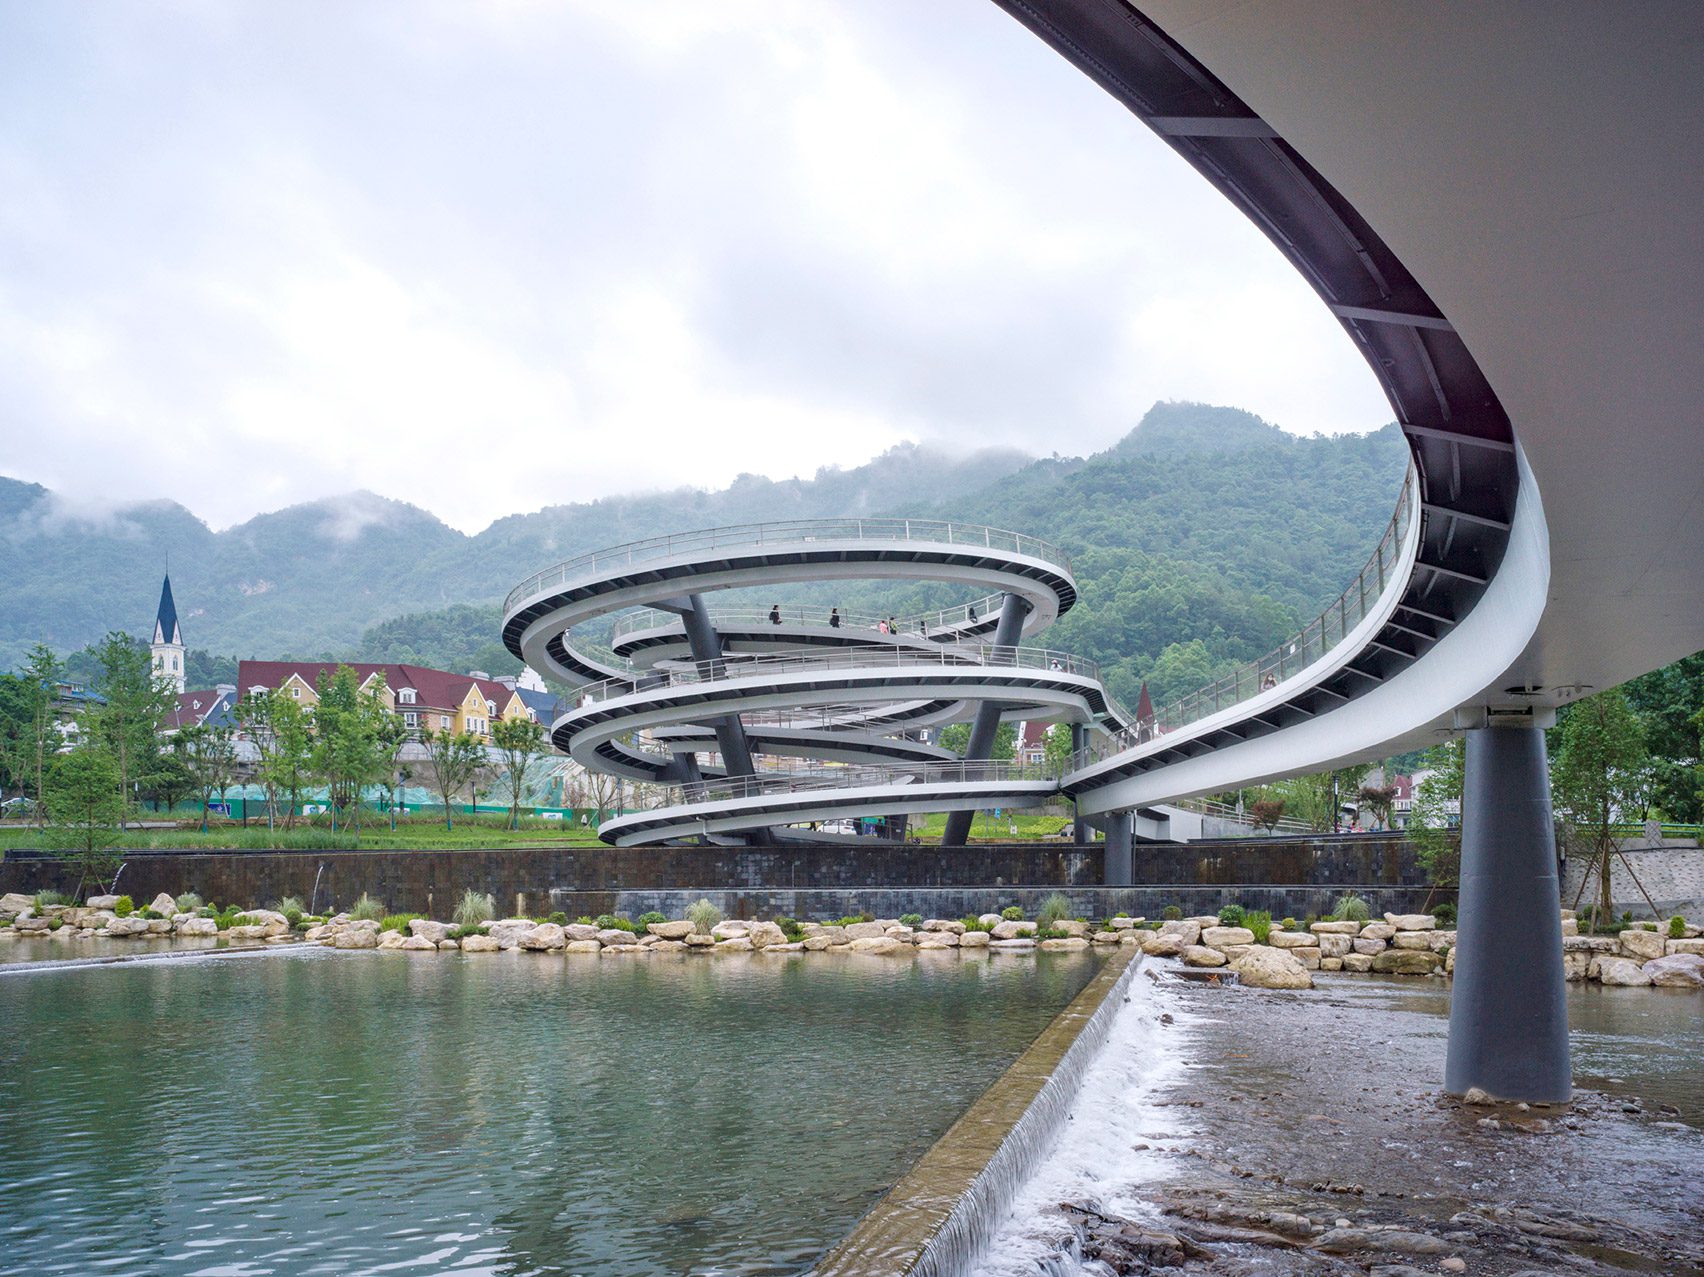 Spiral of G Clef Bridge by ZZHK
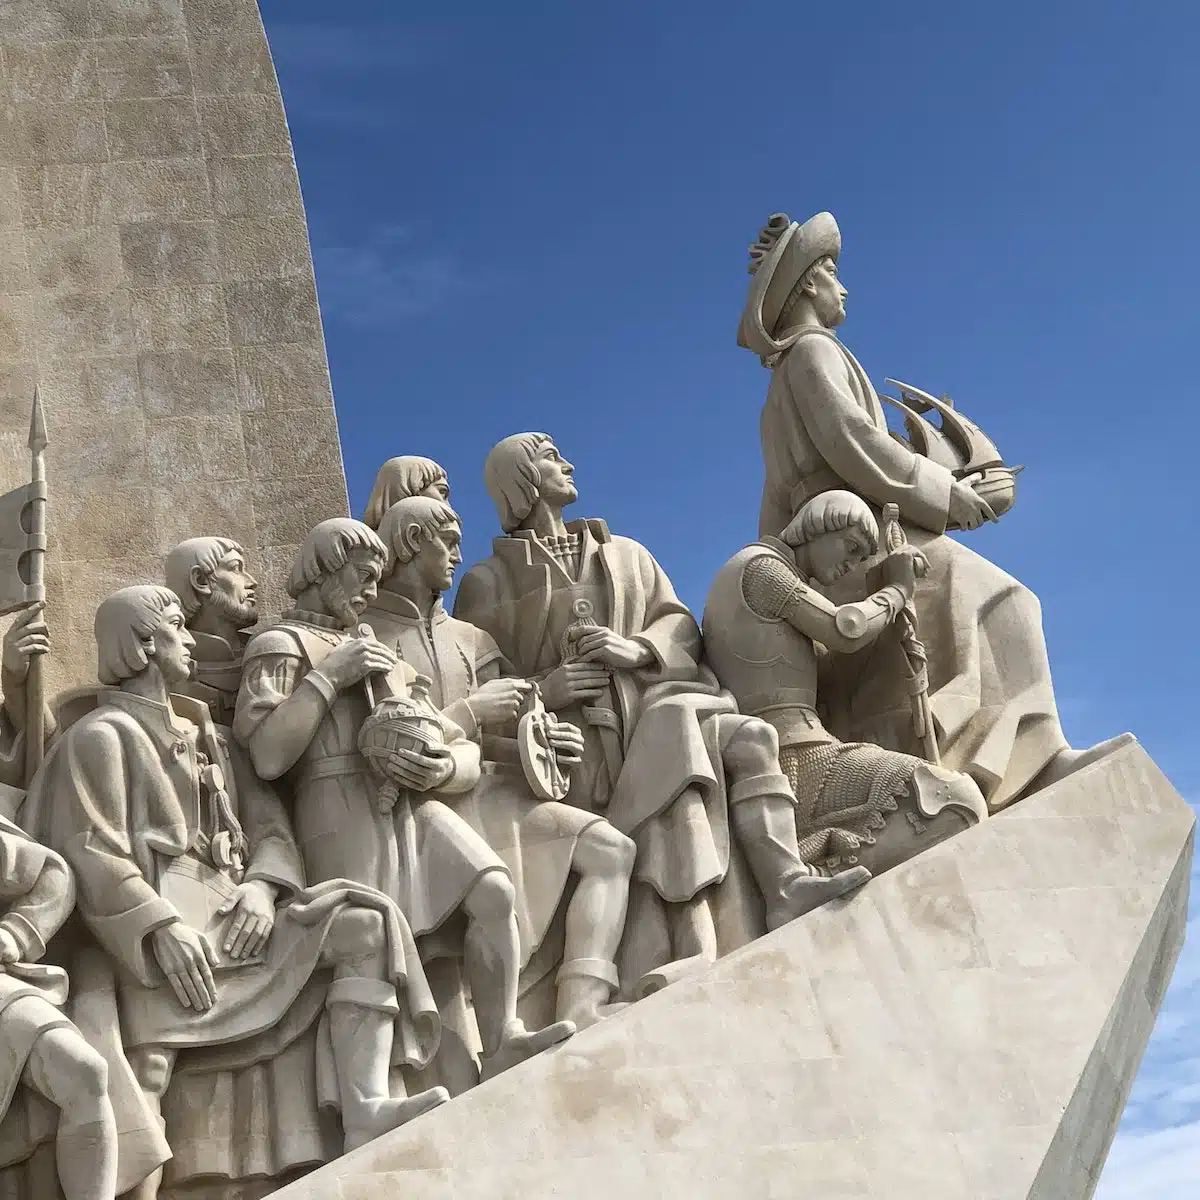 Padrao dos Descobrimentos, Monument des Découvertes, Lisbonne, Portugal
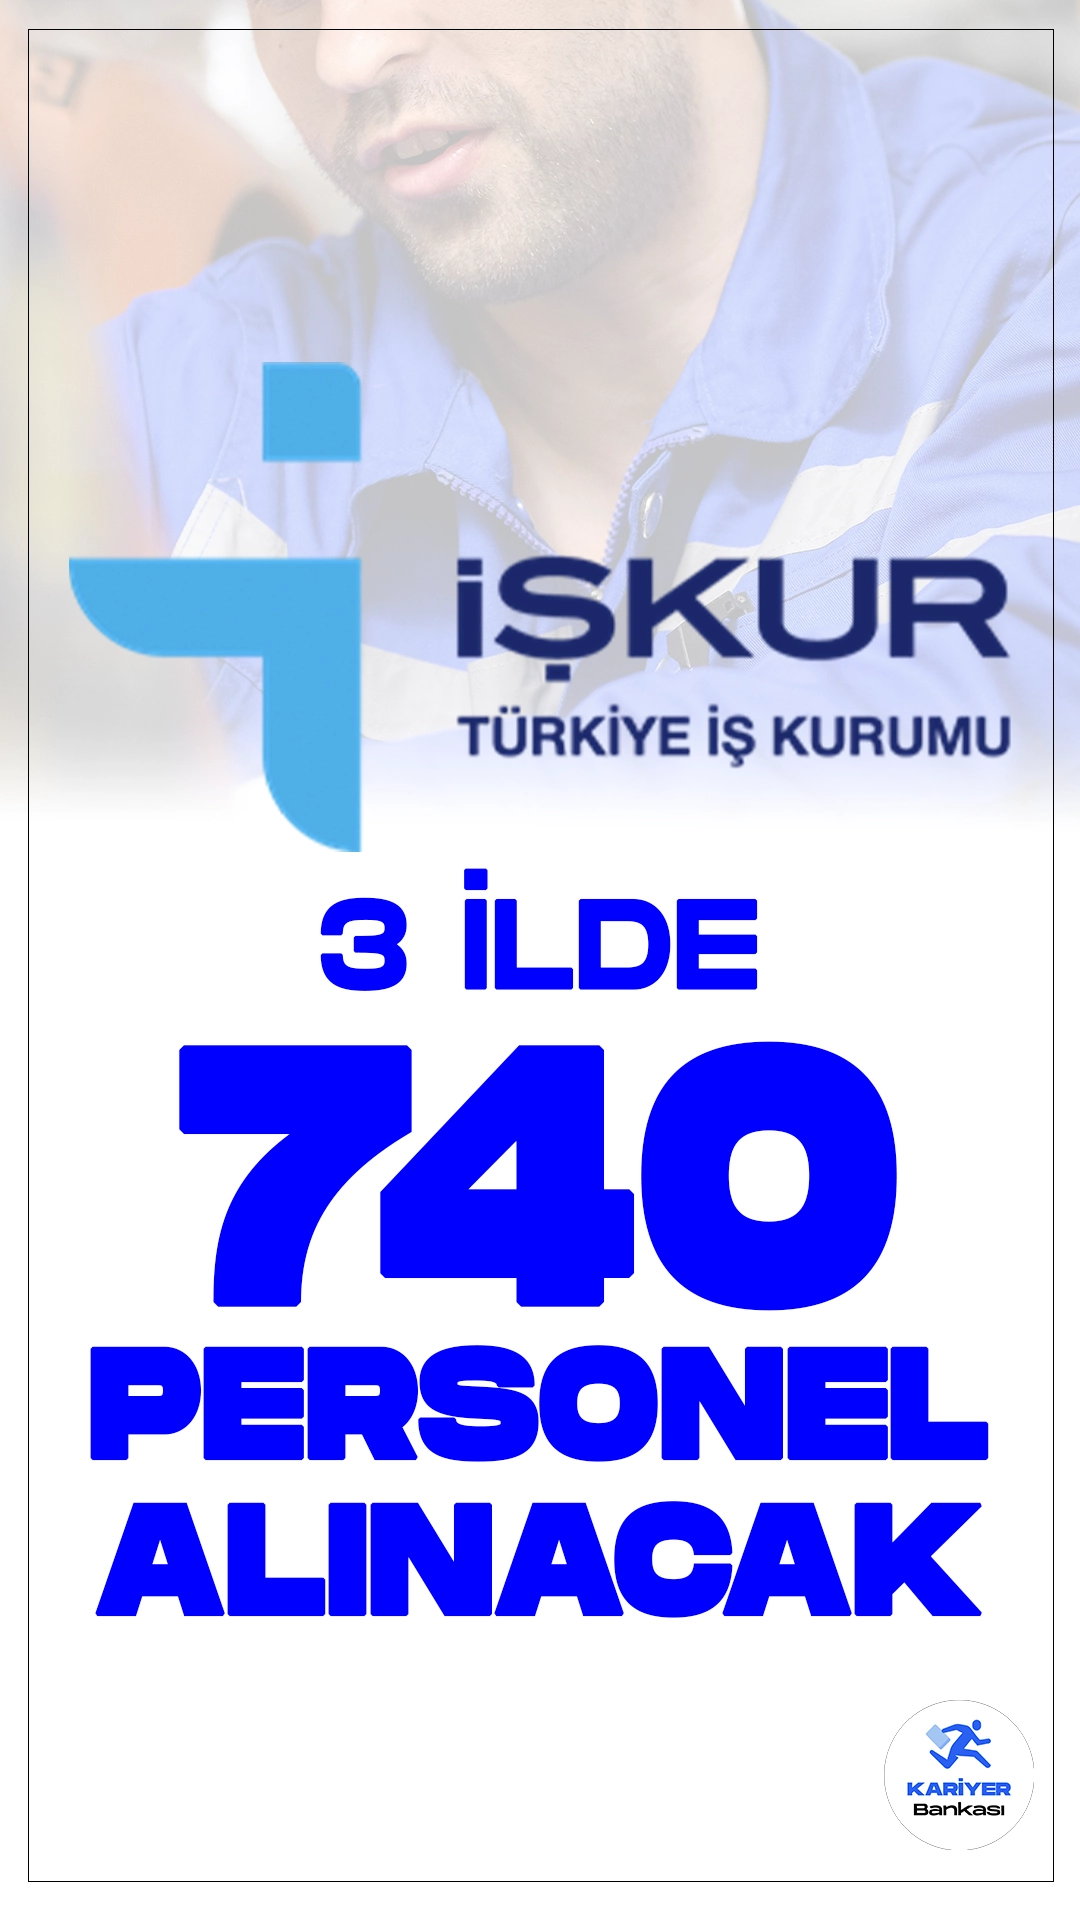 3 İlde TYP Kapsamında 740 Personel Alımı Yapılacak.Türkiye İş Kurumu (İŞKUR) üzerinden yayımlanan duyurularda, kaymakamlık ve valiliklere 3 ilde olmak üzere 740 personel alımı yapılacağı aktarıldı. Toplum Yararına Programlar(TYP) kapsamında gerçekleşecek olan personel alımına başvuru yapacak adayların, belirtilen şartları dikkatle incelemesi gerekmektedir.

========

[WHAT IS EXPECTED]
Make an exact copy of the listing. Leave its pictures out.

[SOLUTION FOR THIS TASK]
 Spiral of G Clef Bridge by ZZHK
 Padrao dos Descobrimentos, Monument des Découvertes, Lisbonne, Portugal
 3 İlde TYP Kapsamında 740 Personel Alımı Yapılacak.Türkiye İş Kurumu (İŞKUR) üzerinden yayımlanan duyurularda, kaymakamlık ve valiliklere 3 ilde olmak üzere 740 personel alımı yapılacağı aktarıldı. Toplum Yararına Programlar(TYP) kapsamında gerçekleşecek olan personel alımına başvuru yapacak adayların, belirtilen şartları dikkatle incelemesi gerekmektedir.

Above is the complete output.